Thompson was already hand cuffing the Russian's hairy wrists behind his back.
"Shall I dispose of..this..in the usual fashion?"
Barley bit into the last of her crumpet as a precautionary measure. The professor nodded his aquiescence, what Thompson actually did with the occasional bodies which turned up in the professor's rooms was something of a mystery but none had ever turned up again. Not dead, anyway. Markov looked between the three of them, somewhat aghast. He couldn't believe, even at this late juncture, that everything he'd ever been told about the English was true.
"You're not just going to kill me."
"Of course not, but then lying is the most fun a girl can have without taking her clothes off, did you know that Mr Markov?"

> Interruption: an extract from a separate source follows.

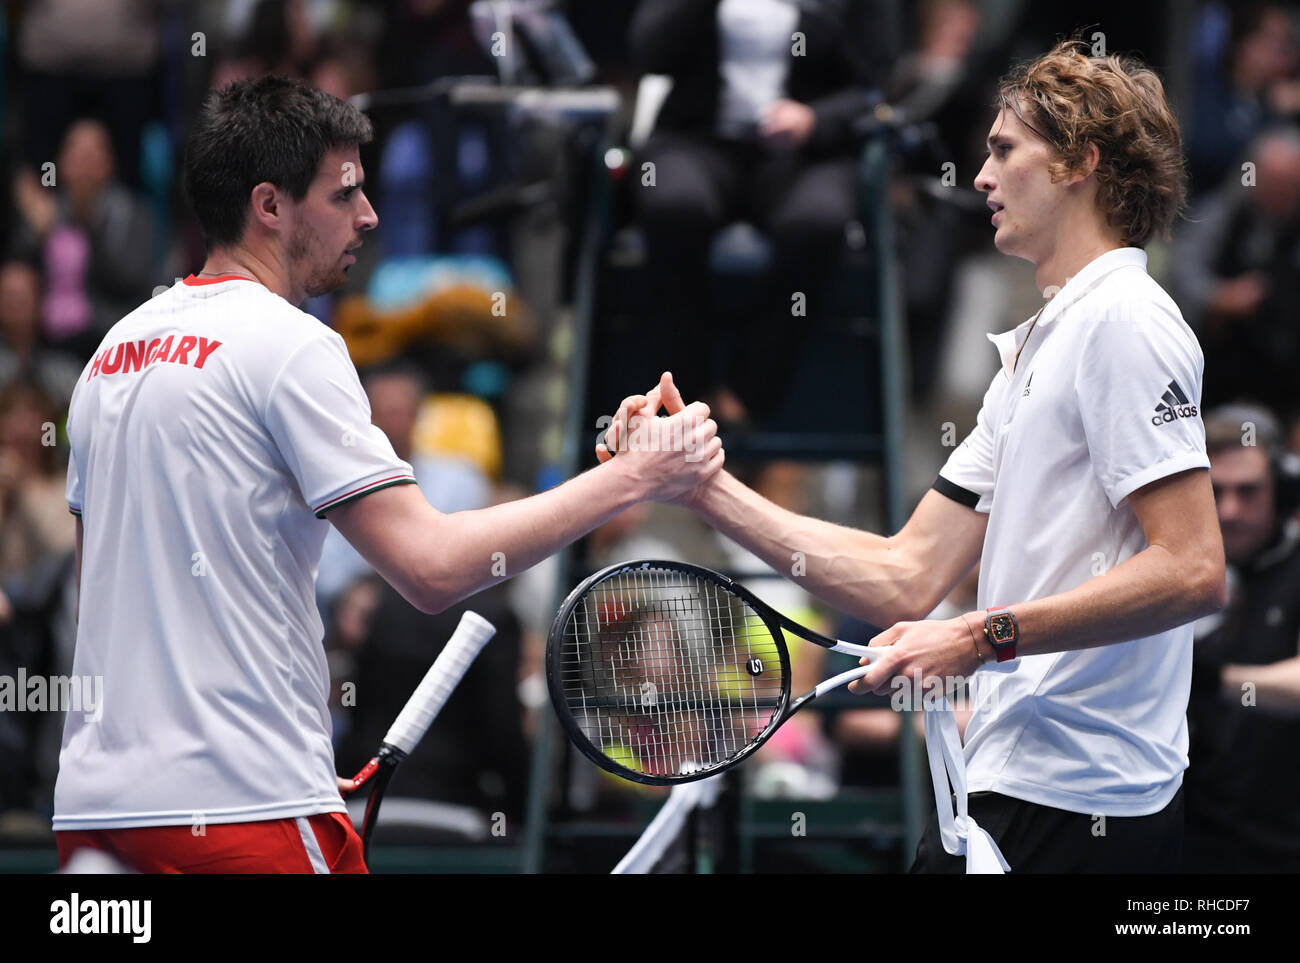 Frankfurt, Germany. Main: Tennis: Davis Cup, qualification round Germany -  Hungary in the Fraport Arena. Germany's Alexander Zverev (r) and Hungary's  Gabor Borsos shake hands after the match. Credit: dpa picture alliance/Alamy
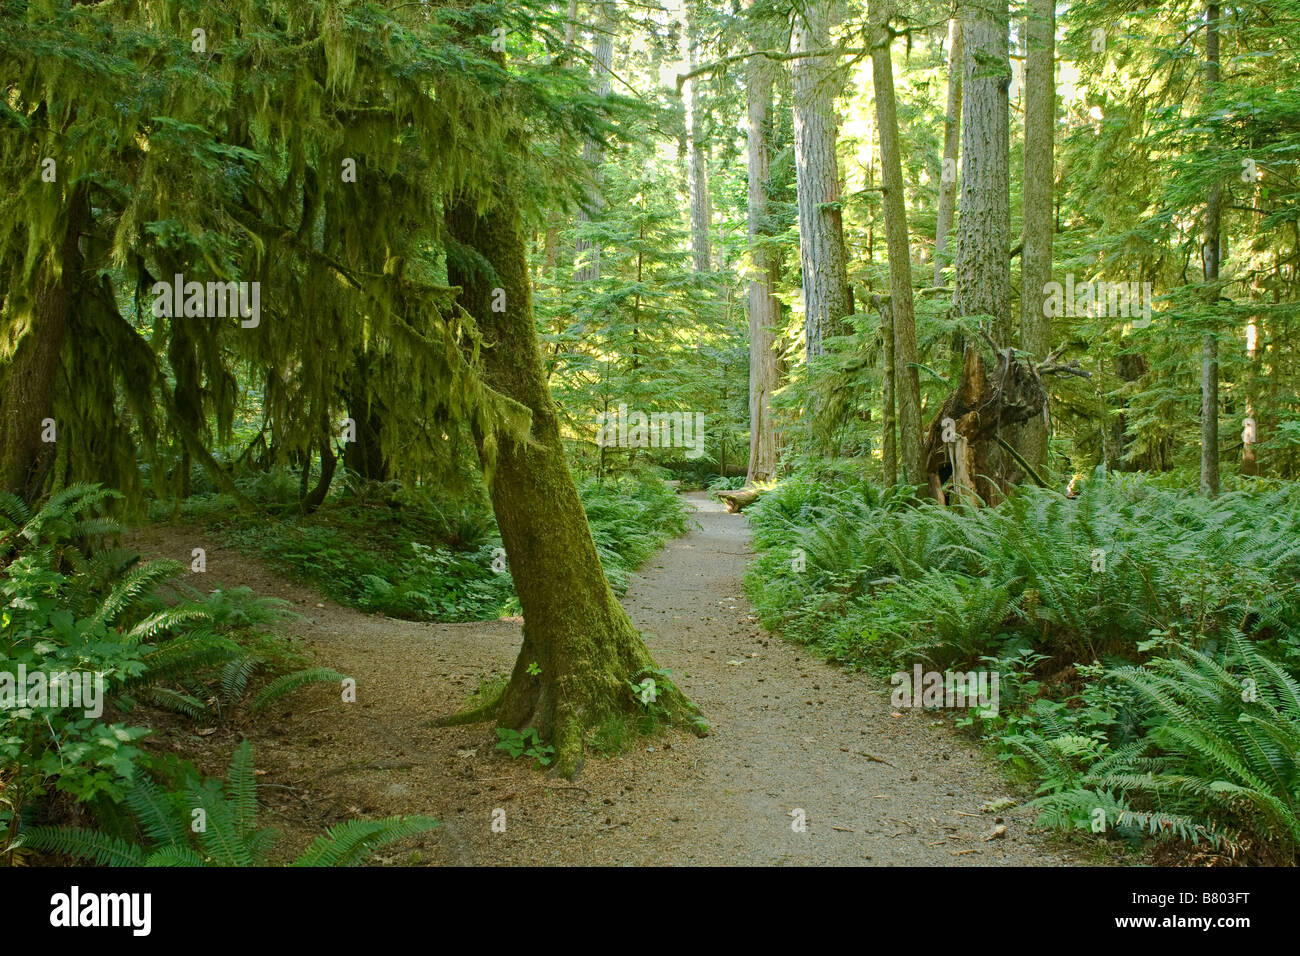 BRITISH COLUMBIA - Trail through old growth forest in Macmillan Provincial Park on Vancouver Island. Stock Photo

"It's laughing, for a man." The old rouge was brave, she give that to him.
Markov swallowed, any Russian would have been kinder and killed him by now.
"What should we do with him, Professor?" Barley, for once, had no idea.
The professor beamed. "A sprat to catch a mackerel, my dear."
Thompson was happily trussing the Russian, a sheaf of only partially forged documentation spilled from inside his jacket. Five minutes with the Professor's fountain pen and she'd have admittance to the ambassador. She tucked Thompson's knife into the slash in her airshipman's jerkin, alongside her own needle blade. Markov was beginning to put up some belated resistance. Barley fed Archie some sunflower seeds.